___ Information supplied ___
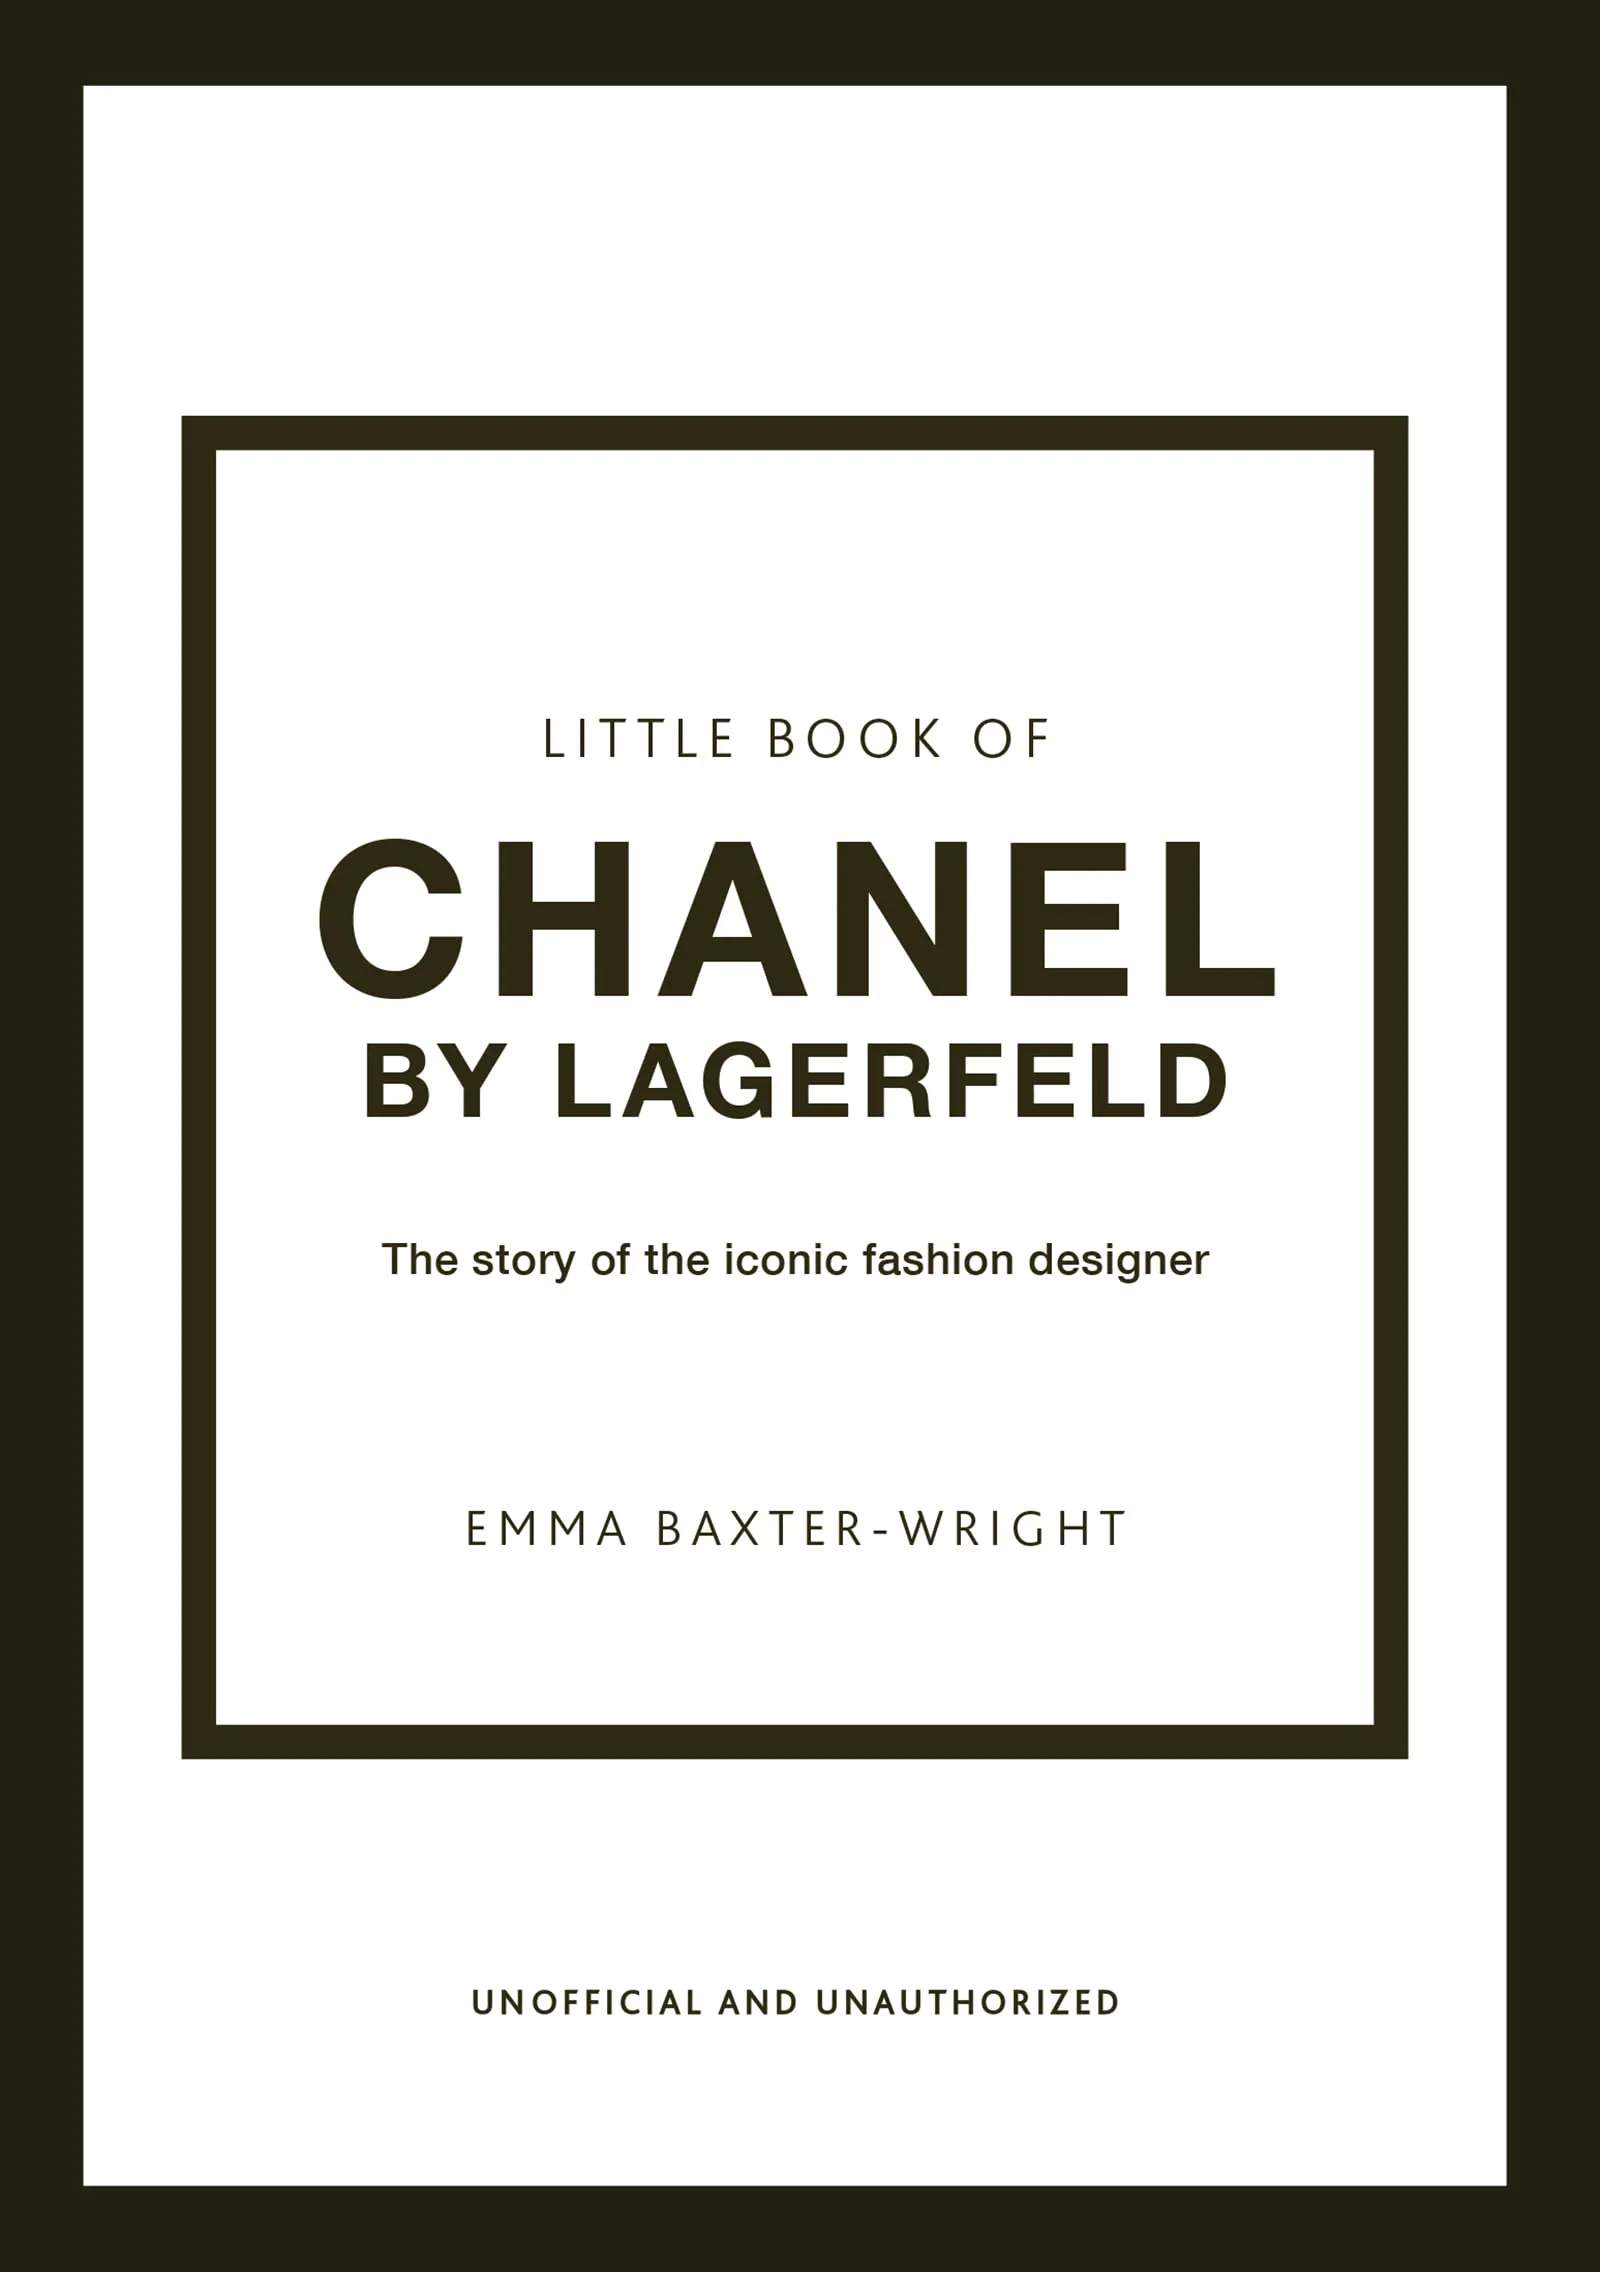 New Mags øvrige bøger The Little Book of Chanel by Lagerfeld
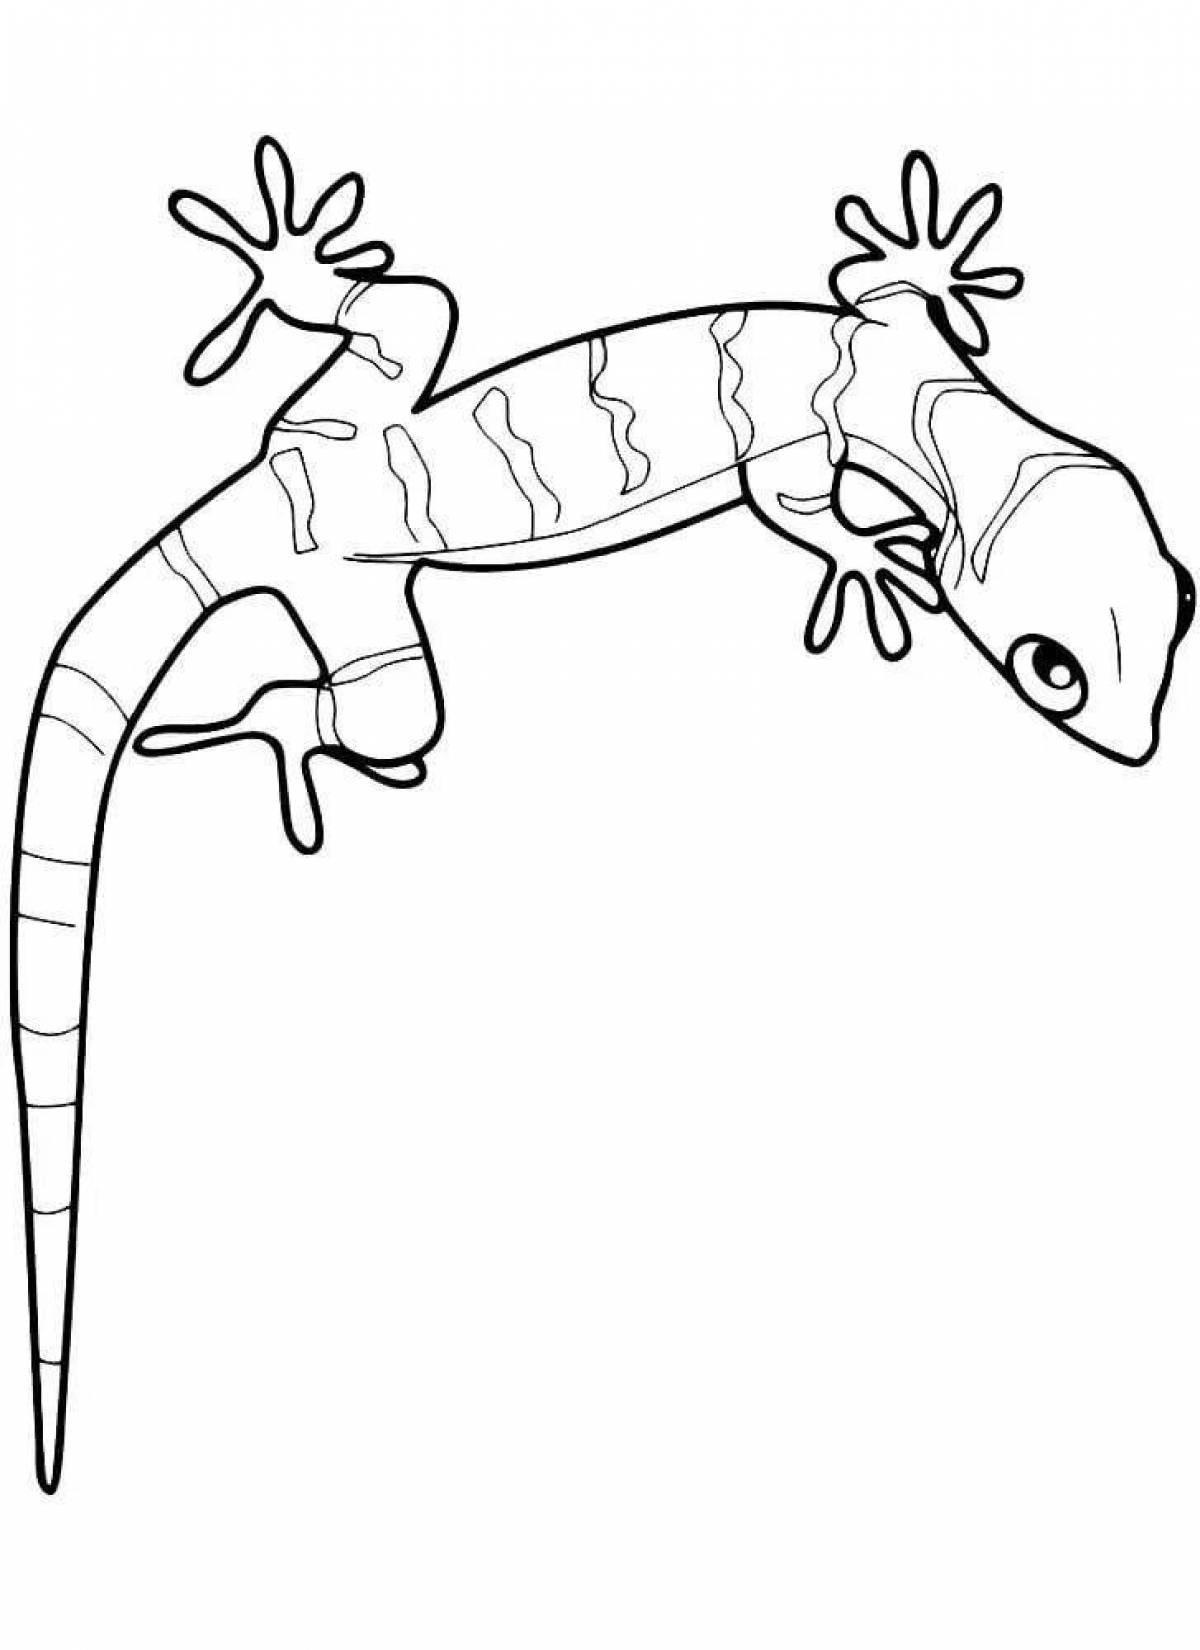 Exotic reptile coloring pages
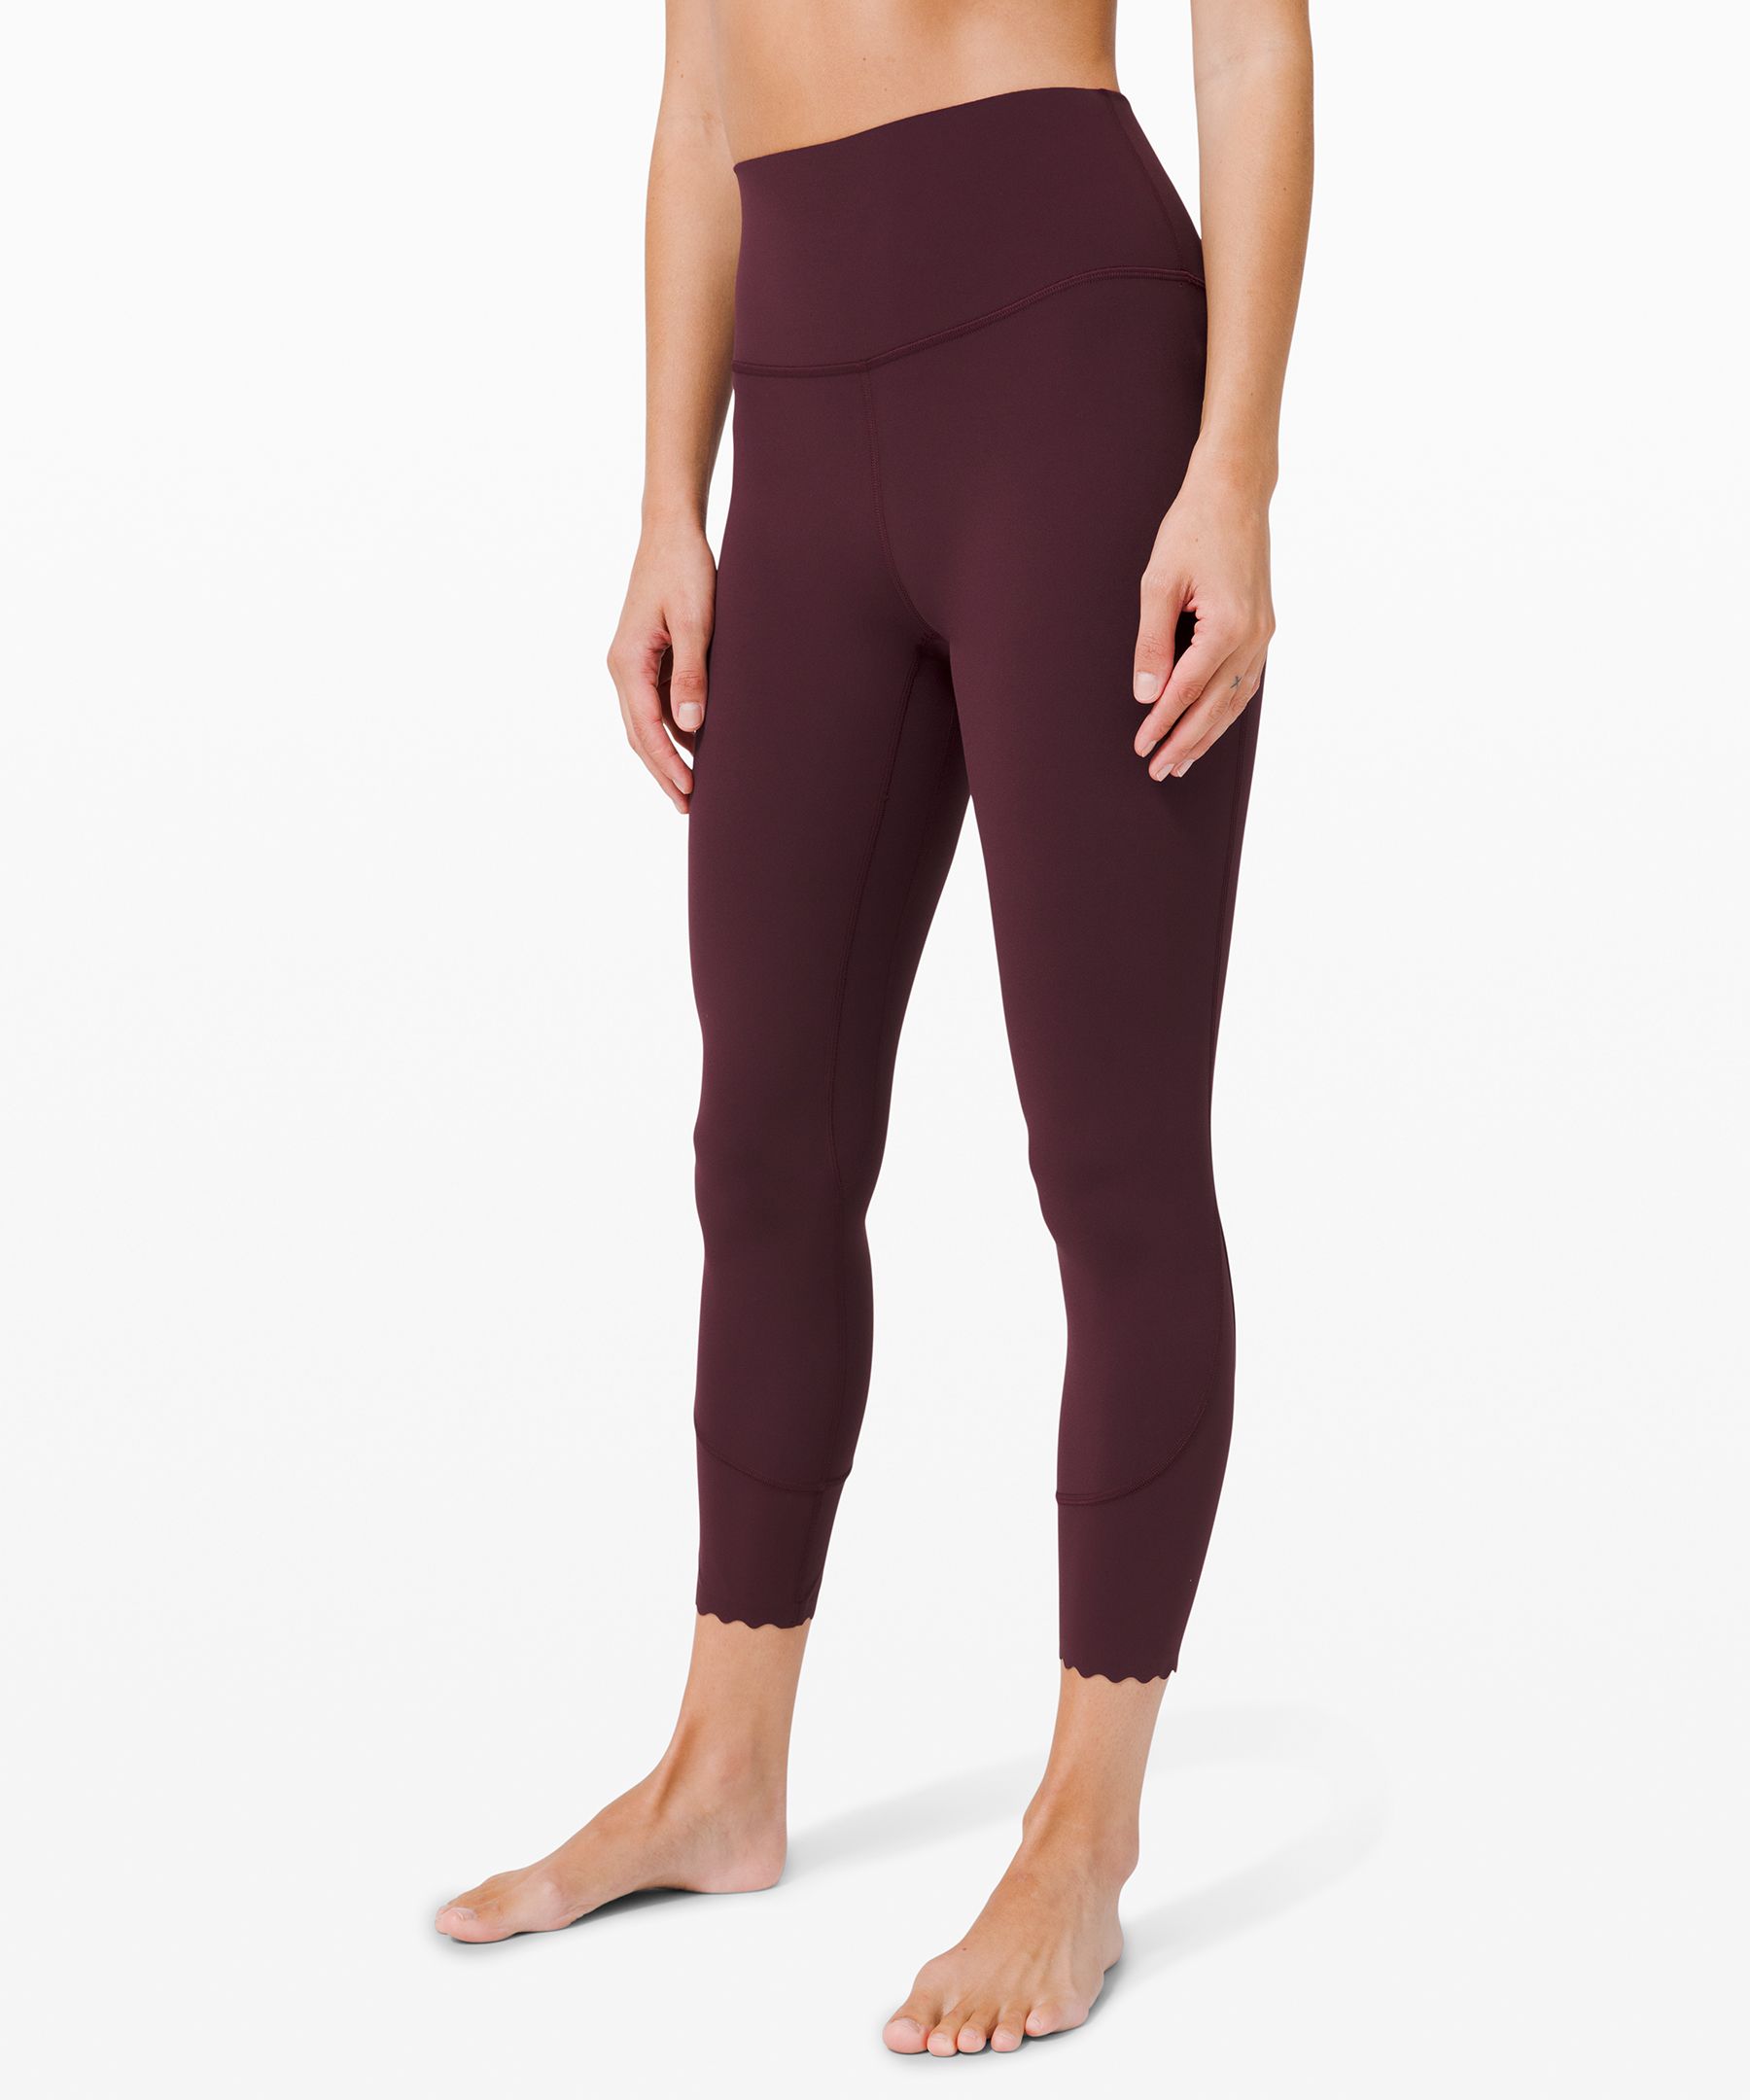 size down in align pant
___
### Task instructions
Your copy must consist solely of the lines from the one containing "Exotic reptile coloring pages" through the final line of the material above, transcribed exactly, with the pictures left out.

### Task response
 Exotic reptile coloring pages
 size down in align pant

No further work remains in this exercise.